You probably know the name Lockland for at least one reason.
"I'll meet people, and they'll say, 'Lockland, Lockland?' and I'll say, 'you've driven through it,' " Lockland Mayor Mark Mason says. "You're going southbound and you come up on these walls... and they'll say 'oh, the Lockland Split!' "
He's talking about the one-and-a-half mile long, half-mile wide bubble formed as the northbound and southbound lanes of I-75 diverge around a big chunk of the village.
The anomaly gives Lockland some of its identity. Its days are numbered, though.
The Ohio Department of Transportation is uniting the highway over the next decade as part of a massive project called Thru the Valley.
But the I75 unification reminds Lockland of past highway pain and underlines its current deep struggles with connectivity to the areas around it.
ODOT spokesperson Kathleen Fuller says adding a fourth lane in each direction and bringing the highway together is necessary.
"We have more traffic than what our roadways can actually handle," she says. "It's not a 'build it and they will come' mentality. They've already come, they're already on the roadway. This helps improve safety tremendously."

Southbound 75 used to be the Miami-Erie Canal. The federal government built an early highway there during World War II to serve Wright Aviation, which was producing airplane engines for the war effort.
The state built the split in 1963. How it came about is murky, but mattress giant Stearns and Foster was likely one reason. Its factory was at what would become the north end of the split.
The split came with a cost.
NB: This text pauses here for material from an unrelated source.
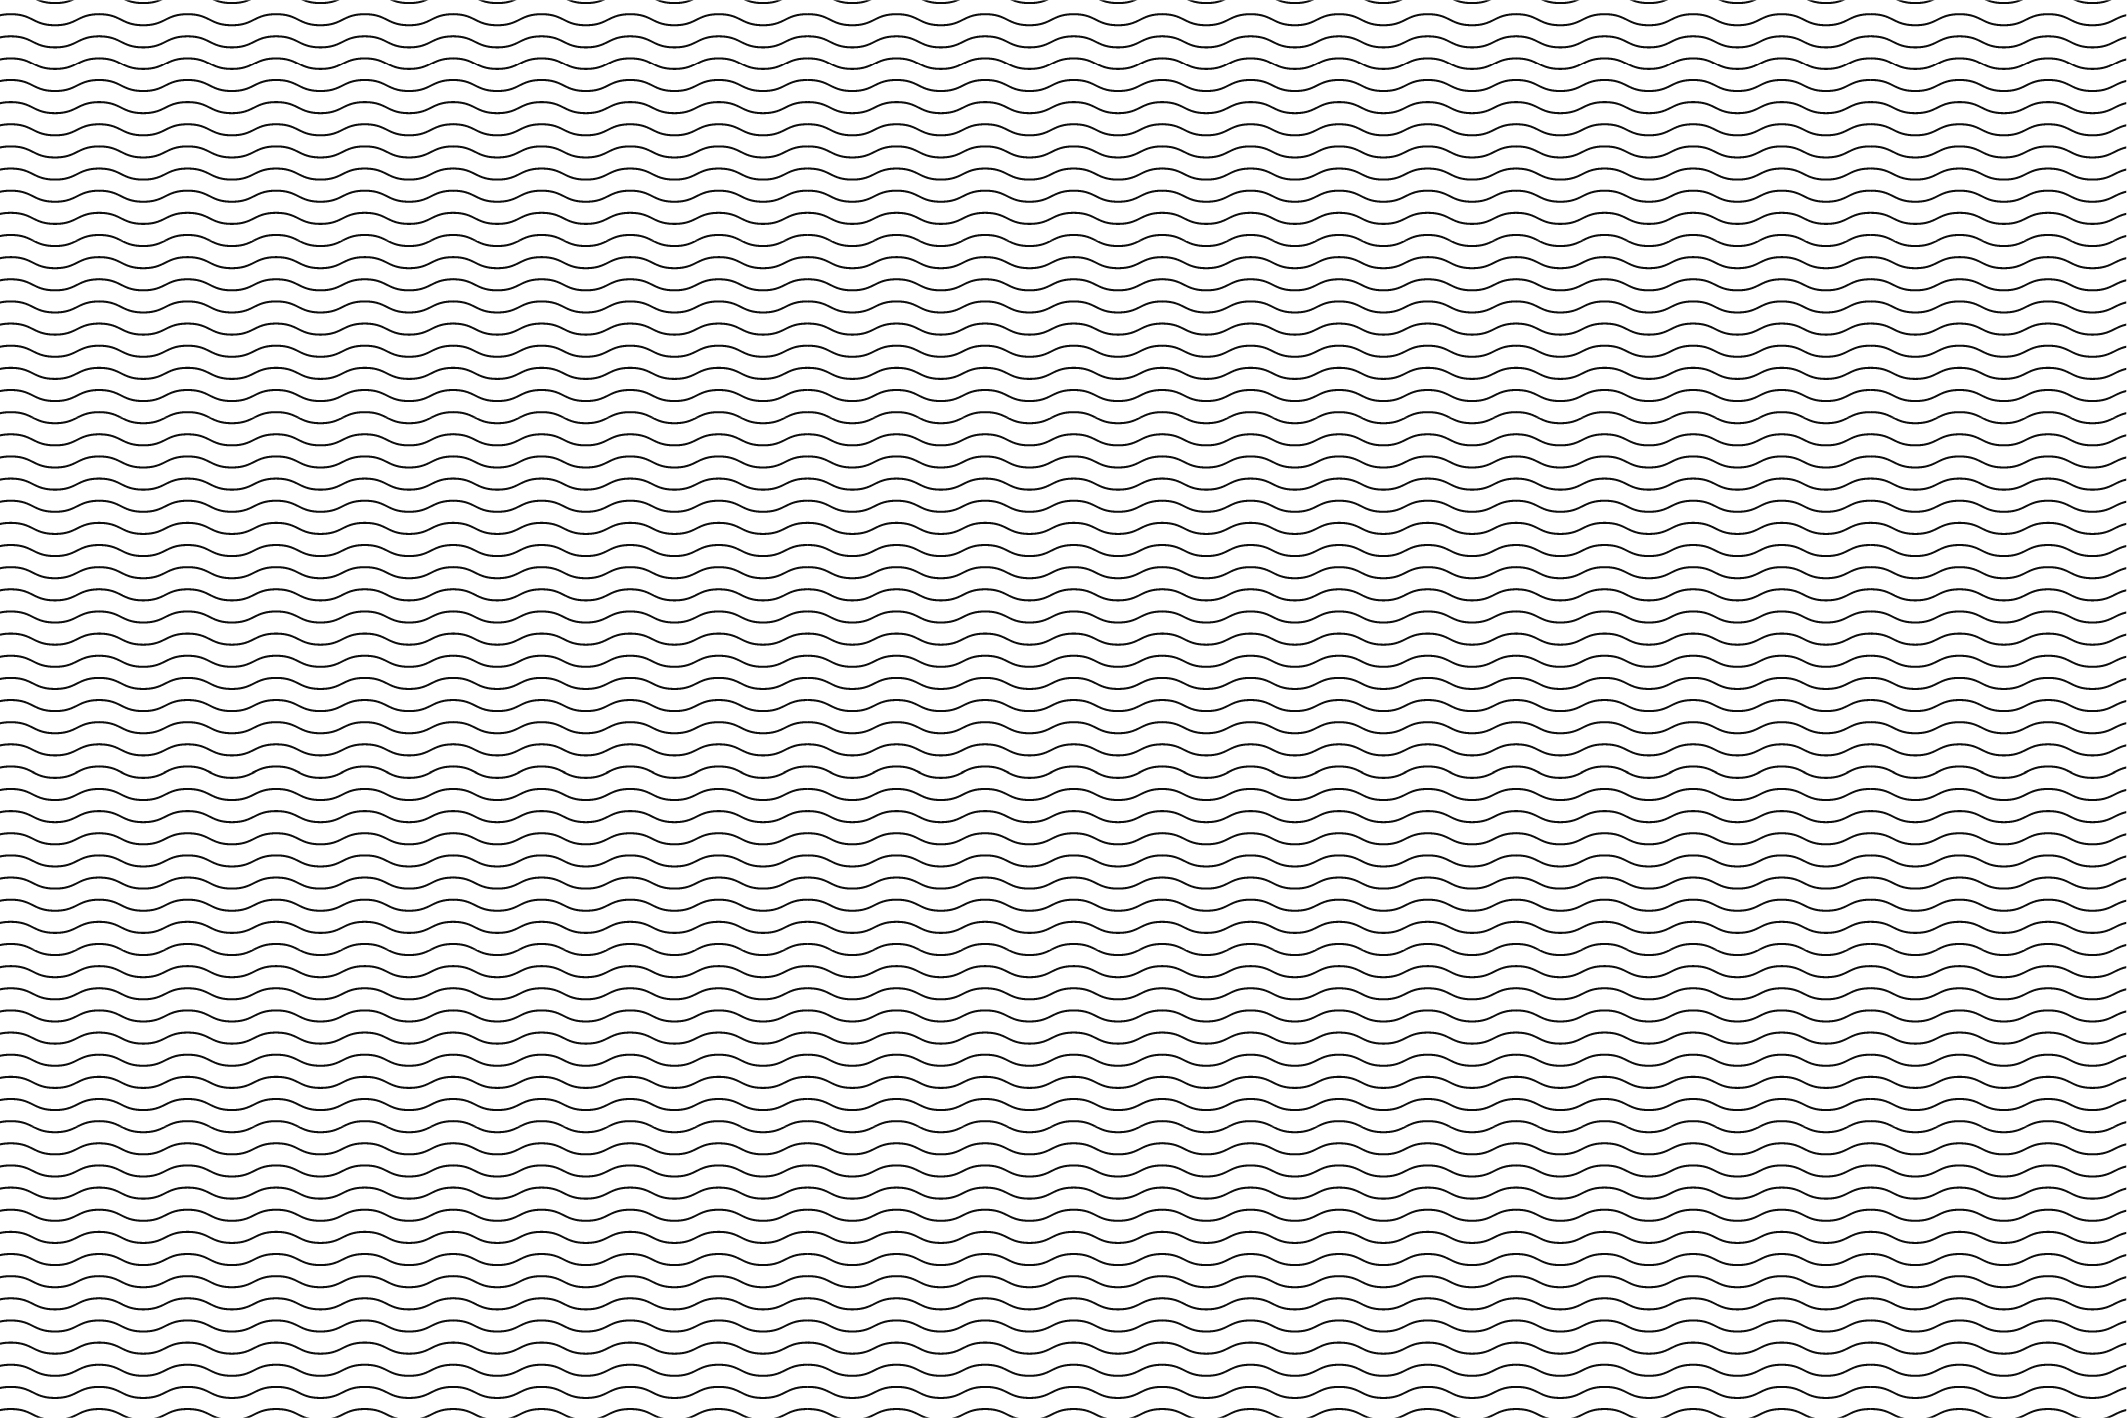 Wave&Zigzag seamless patterns. B&W. example image 5

An August 1960 Cincinnati Enquirer story reports Lockland officials pushed back on the state transportation department's initial plans for removing 116 houses for the split. Eventually, 31 would come down.
"There is a question of spending millions of dollars of federal funds to run over four towns in order to get two lanes of highway for three miles when the present highway has not proved inadequate," then-Lockland Mayor Albert Leflar said at the time.
The municipality did its own traffic count in 1960 and claimed the highway was at only 25 percent capacity during peak hours, the Enquirer reported.
Mason says more homes were removed for the highway during another project last decade.
"It was like 54 homes," he says. "It was huge. These were generational homes that had been here since 1920, 1930. Catherine Avenue, we lost homes. We lost an entire street called East Forrer on the other side of the highway. We've lost a lot of homes, and we're going to lose more when they put northbound next to southbound."
ODOT's Fuller acknowledges the Thru the Valley project will cost Lockland more homes. But she says uniting the highway actually saves properties over expanding the current configuration.
"Had we not done the unification I believe the number of residential takes was 55," she says. "It's now 36 with the unification."
Mike Sizemore and Sarah Standley-Sizemore have lived in Lockland near I-75 for 15 years.
Sizemore agrees with ODOT that traffic is an issue but wonders if the added lanes will really help much.
"I don't know if it's going to solve a problem," he says. "The traffic here is bad, but it's not that bad compared to most major cities."
Standley-Sizemore says the highway project last decade took homes a block away from theirs. Subsequent road closures near their house made it more challenging to get in and out of the village.
And then there are the trains.
"The trains just stop for hours," she says. "Hours and hours."
Five railroad crossings block roads in and out of Lockland. Residents say trains frequently stop on roads impeding emergency crews, making students late to school and causing lots of other problems. The village tried legal action to little avail.
That's not likely to change soon — in 2022, the U.S. Supreme Court stripped states of the right to fine railroads for lengthy pauses at crossings.
Prior to that ruling, railroads could face a fine up to $1,000 for blocking tracks for more than five minutes at a time.
Mason says the train frustrations only add to concerns about the highway. All of it makes the village feel penned in.
"We used to have an entry and an exit off West Forrer," he says. "They blocked that off. So now there's only one way out. So we're basically locked in here."
Fuller says ODOT wants to help connectivity with the new project. The transportation agency plans to move the village's current outdated highway interchange -- the one on Southbound 75 that requires you to make a sharp right turn off the highway. ODOT will add more modern and accessible on and off ramps nearby.
"We're not trying to sever those connections to the community," she says. "We're really trying to improve things."
Other efforts to stitch Lockland back together with the rest of the area are also underway. A federal grant earlier this year awarded Hamilton County $300,000 to study ways to reconnect Lockland and surrounding communities.
ODOT's work to unify the highway will wrap up in 2034. Mason says the day can't come quick enough.
"No community has been affected more by this Thru the Valley expansion," he says.